Мрачновато тут как-то. И потряхивает меня не на шутку. Вроде не простужался, а трясет, как в детстве. Никогда так не волновался! Даже когда мы с Леонтиной венчались – не волновался. И когда на первое задержание в полиции ходил – тоже. А тут трясусь, как первогодок перед атакой…

Только что от русского посольства отъехал какой-то высокий чин. Во всех смыслах высокий! За три часа, что сижу тут в бистро, посматривая на назначенное место, я видел десятка полтора русских – и всех их не назовешь малорослыми. Но этот просто великан! Головы на две выше меня. И мундир на нем какой-то удивительный: пышный – и строгий одновременно. Наши мундиры не такие, наши прямо-таки кричат о том, какая важная птица носит на плечах эполеты. А эти вызывают уважение и без крика.

Ладно, хватить рассиживаться! Уже середина дня, и если они меня ждут, то могли и устать. Значит, настроение у них на нуле. А зачем мне это надо – разговаривать со злыми русскими? Я бы и с добрыми не разговаривал, будь моя воля.

Тогда почему я здесь? Почему, вернувшись домой, я поблагодарил папа́ за заботу, собрал вещи и утром ушел на вокзал? Почему третий день прихожу сюда и рассматриваю сквозь стекло этот роскошный отель, который переделали под посольство далекой холодной страны? И почему я сейчас поднимусь, выйду на рю де Гренель, поверну налево, перейду на другую сторону и постучу в неприметную боковую дверь?

Что я вообще здесь делаю?!

– Чем могу помочь, месье?

Акцент какой-то необычный. Русские, с которыми мне изредка доводилось встречаться, говорят иначе: жестче и грубее. А этот почему-то растягивает гласные и норовит вместо «г» сказать что-то похожее на «к».

– Добрый день! Меня зовут Жак Моро, я приехал из Сульса. Мне сказали, что…

– Да-да, месье, Жак Моро, конечно! Проходите, пожалуйста! Только, будьте любезны, подождите меня – сами вы можете заблудиться в наших лабиринтах…

Ну, это-то понятно. Без «няньки» меня внутрь не пустят. Значит, что? Значит, какие-то шпионские дела? Вот это я вляпался! Что же получается – «их милость» шпионит на русских? И давно, надо думать, раз они так легко договариваются между собой… Анри, кажется, ты только что сделал самую большую ошибку в своей жизни!

– Месье Моро, пожалуйста, прошу за мной. Вас ждут. И, будьте любезны, не отставайте и не вертите головой по сторонам. Здесь этого не любят.

– Конечно-конечно! Я иду, иду!..

* * *

– Присаживайтесь, пожалуйста! Месье Моро, Жак, из Сульса?

– Так точно!

Черт, почему я так ему ответил? Сейчас он решит, что я солдафон – и прощай моя работа! А я что, собираюсь работать на русских? Готов стать шпионом?! Дудки им! Я француз, к тому же эльзасец, что значит француз вдвойне, и шпионить для них не буду! Вот я им сейчас!..

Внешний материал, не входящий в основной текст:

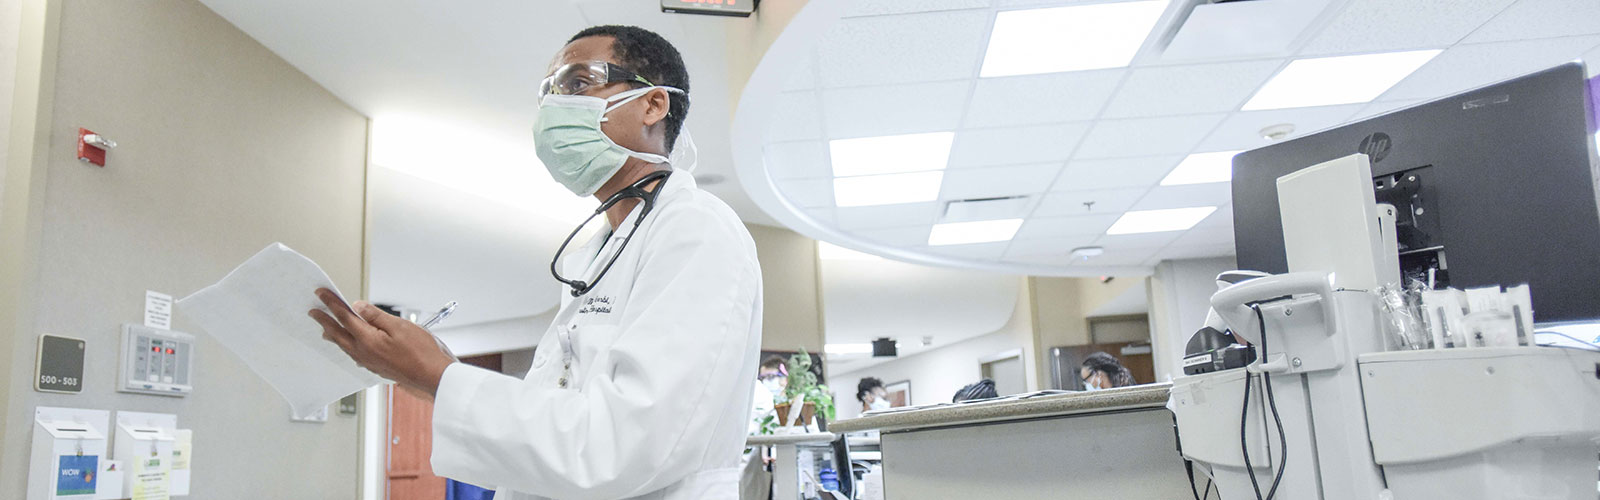 The next generation of advanced medicine is taking root at Atrium Health.
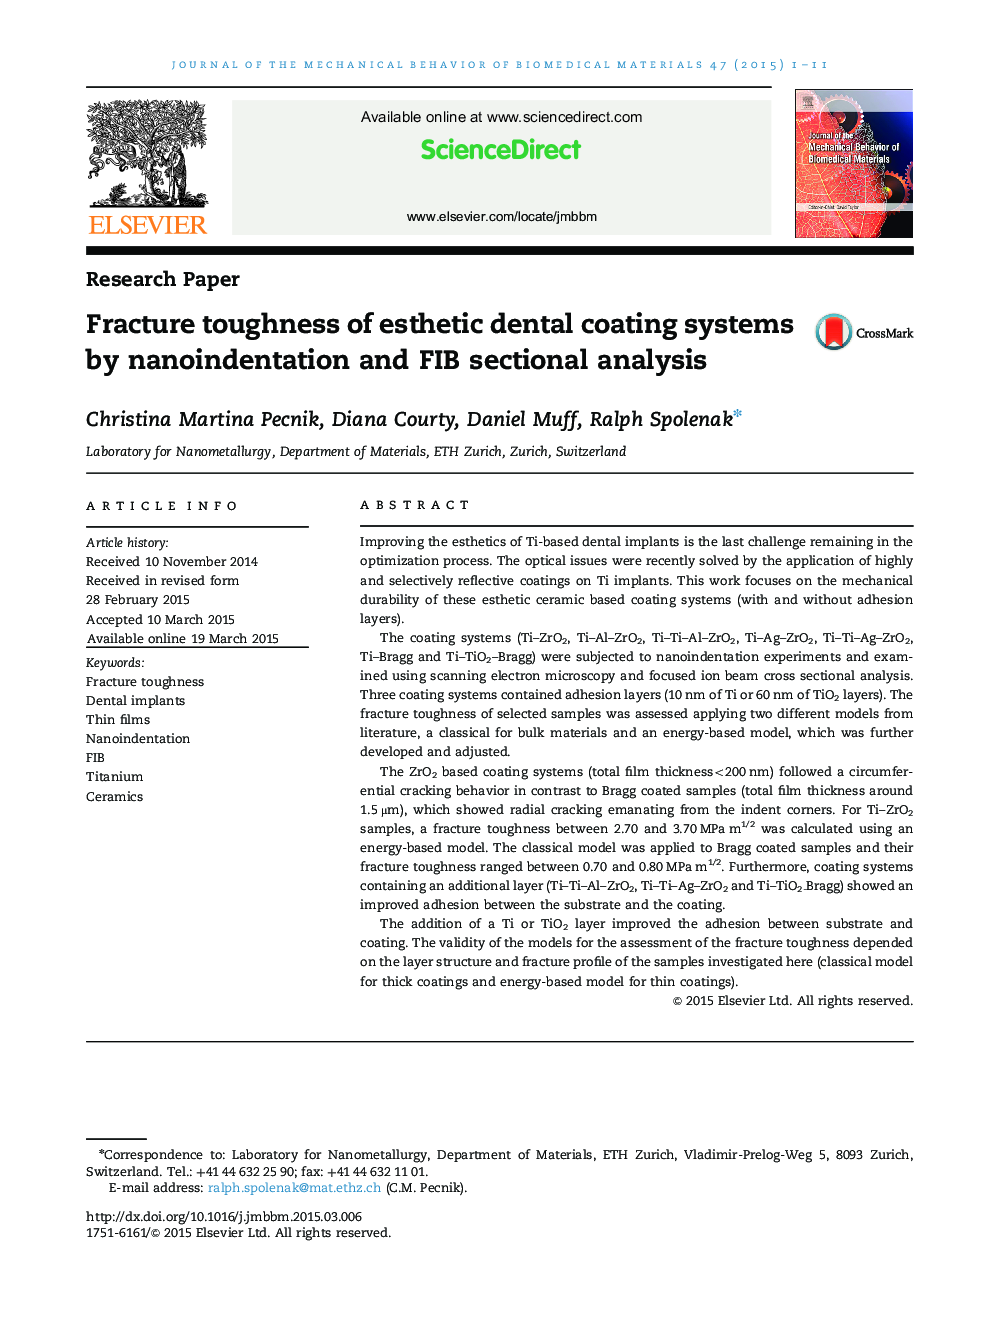 Fracture toughness of esthetic dental coating systems by nanoindentation and FIB sectional analysis

– Скажите, Анри, кто рекомендовал вам приехать сюда?

«Анри»! Ну, твою милость, ну, господин барон!..

– Барон Геккерн, Жорж Шарль Дантес.

Я же решил не отвечать! Что я делаю!..

– Прекрасно! Позвольте сразу развеять ваши сомнения, Анри, а то вы уже сжали кулаки и смотрите на меня так, как будто готовы ударить. Мы не предложим вам ничего, что заставит вас предать свою родину или нанести ей хоть какой-то ущерб. Нам нужны люди, которые помогут спасти Россию.

Putain! Что он сказал? «Спасти Россию»? А я-то как могу это сделать?..

– Простите, месье…

– Месье Петр. Называйте меня так, Анри. Пока – так.

Пока – что? Потом у тебя окажется другое имя, странный русский? Или потом я буду обращаться к тебе как-нибудь вроде «мон женераль»? Ладно, подождем, посмотрим, как оно повернется.

– Прошу меня простить, месье Петр, но я не понимаю, как я, бывший французский полицейский, могу помочь спасти Россию. Все, что я знаю про вашу страну, это что там есть огромная холодная Сибирь. Мне что, надо будет ехать к вам в Сибирь?

– Нет, Анри, что вы, никакой Сибири. Я и сам туда не стремлюсь и другим не советую. Хотя знаю людей, которые родились там и находят свою родину достойной самой искренней любви.

– Я тоже, месье Петр, нахожу свою родину достойной любви.

– Именно поэтому, Анри, мы и решили предложить вам сотрудничество.

«Мы». «Сотрудничество». Этот господин явно намекает на то, что он представляет кого-то серьезного. Интересно, как называется русская разведка? Всё, хватит играть в вежливость! Пора показывать зубы.

– Месье Петр, пока я не услышал никакого предложения. И я еще раз напоминаю: я француз, эльзасец, и не стану совершать ничего, что пойдет во вред моей родине. Запомните это.

– Будь вы другим, Анри, мы бы не разговаривали сейчас. Даю слово русского офицера: вам не придется заниматься ни шпионажем, ни чем-либо иным в том же роде, что могло бы нанести ущерб Франции. Вашими подопечными станут русские подданные, живущие здесь, но действующие во вред России. Ваша родина, Анри, вряд ли захочет, чтобы в России начались большие беспорядки вроде вашей Парижской коммуны. N’est-ce pas?[7]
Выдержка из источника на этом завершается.